Senate Committee Rejects Bush Corporate Air Pollution Plan

9-9 deadlock blocks efforts to dismantle the Clean Air Act

Contacts

Maria Weidner or Jim Cox, 202-667-4500

Today the Bush administration’s Corporate Air Pollution Plan (S. 131) failed to garner the necessary votes to make it out of the Senate Environment and Public Works Committee (EPW), dealing a stinging defeat to proponents of this package of public health rollbacks. The Committee deadlocked at 9-9, with seven Democrats, one Republican and one Independent voting against the so-called “Clear Skies” bill.

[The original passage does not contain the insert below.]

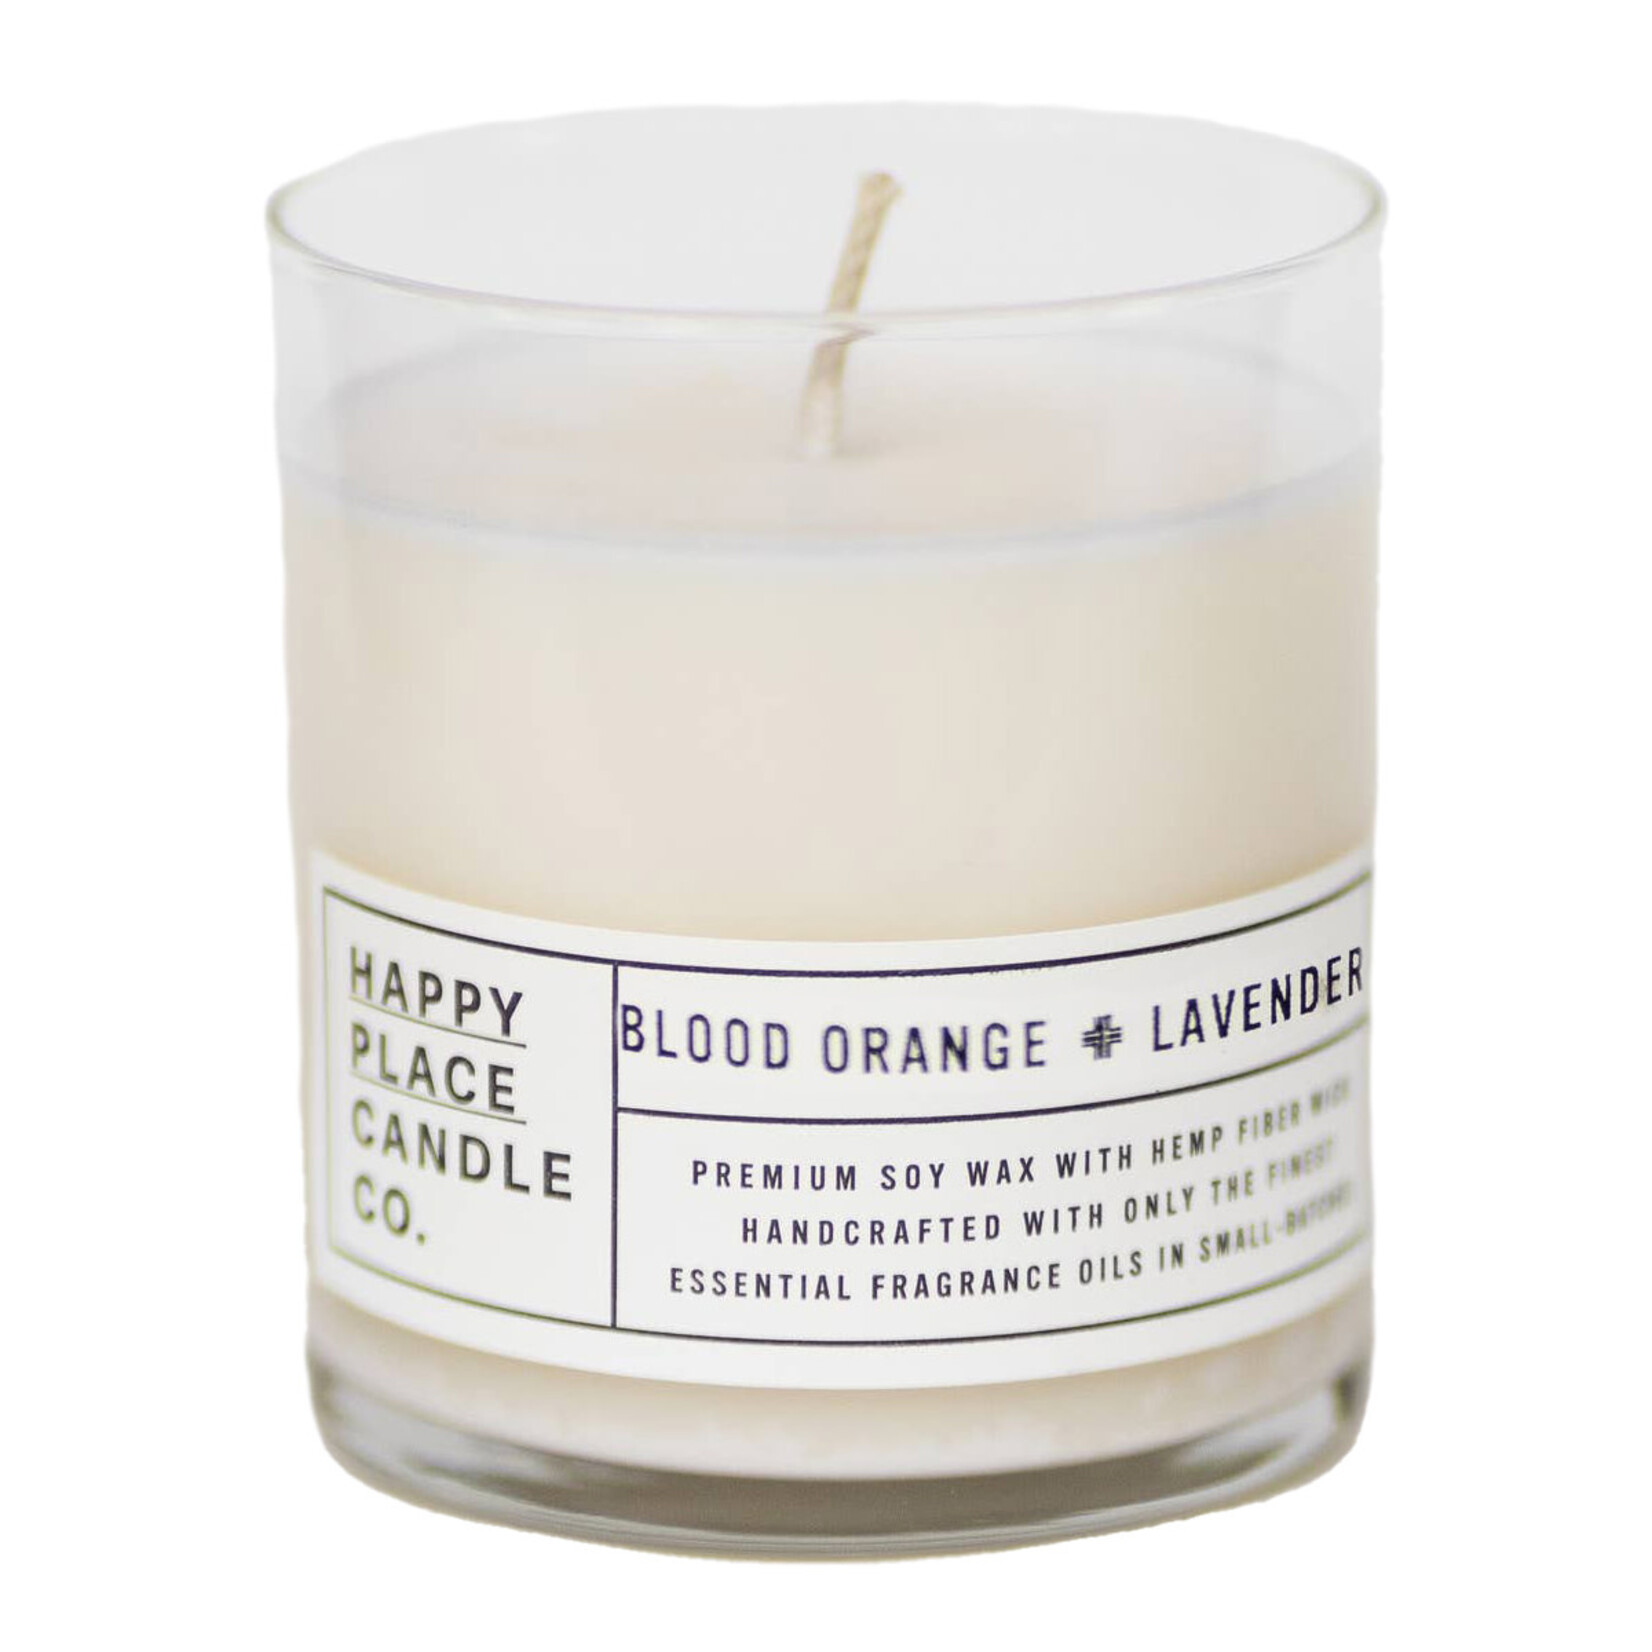 happy place candle co. blood orange + lavender candle

“Today we thank the Senators who voted to place the health of their constituents above the polluters’ desire to dismantle the very law that protects the air we all must breathe,” said Earthjustice’s Maria Weidner.

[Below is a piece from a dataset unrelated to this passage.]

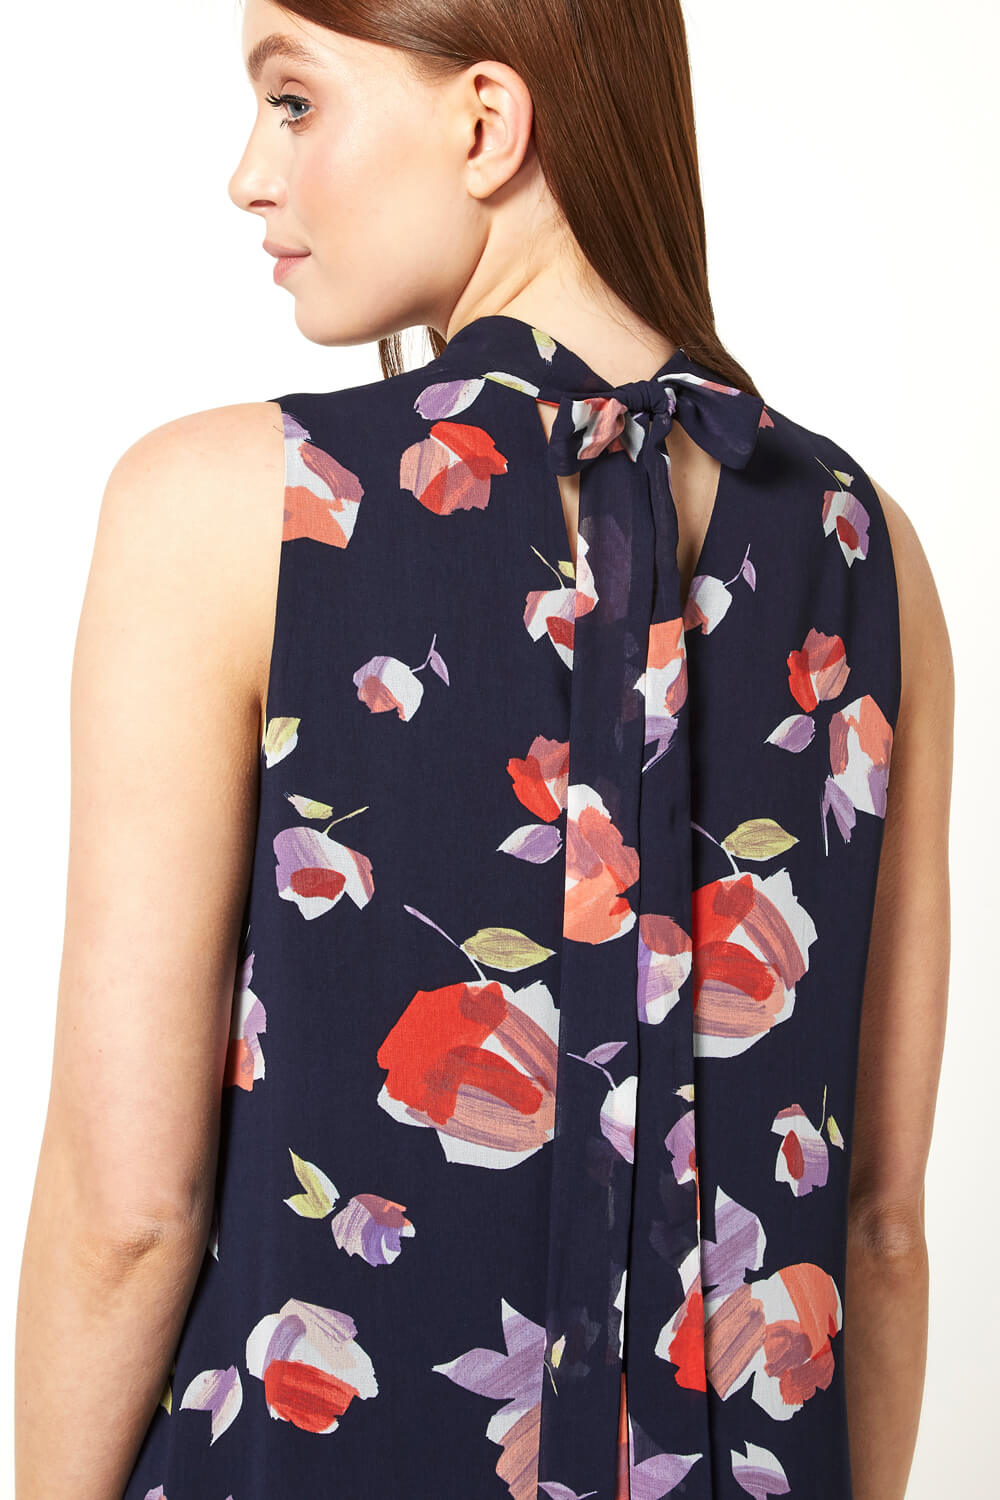 Navy  High Neck Floral Print Swing Dress, Image 4 of 5

Today’s vote comes two weeks after an abortive attempt to mark up this legislation was unexpectedly called off when the Committee’s majority leadership concluded that they could not assemble enough votes to pass the bill out of Committee. Committee members have reportedly spent the intervening weeks in ongoing negotiations.

“Today’s 9-9 deadlock shows that discussions over the past two weeks failed to sway Senators who value public health over corporate welfare,” said James Cox, Counsel for Earthjustice. “This stalemate underscores the need for EPA to end delays in issuing strong rules to control interstate air pollution and toxic power plant pollution, including mercury.”

Some of the most egregious ways the Corporate Air Pollution Plan would undercut current Clean Air Act protections include attempts to:



  • Allow power plants to release twice as much soot-forming sulfur dioxide, and more than one-and-one-half times as much smog-forming nitrogen oxides than the Clean Air Act allows, for nearly a decade longer;


  • Allow power plants and other facilities to emit nearly seven times as much toxic mercury for a decade longer;


  • Repeal provisions requiring major industrial sources of air pollution to install state-of-the-art pollution control technologies;


  • Impede states’ efforts to protect their citizens from pollution originating in upwind states;


  • Allow certain new power plants and other facilities to disregard their adverse impacts on air quality in national parks or wilderness areas;


  • Allow years of delay in deadlines for meeting clean air health standards and weaken requirements for anti-smog measures in cities with polluted air.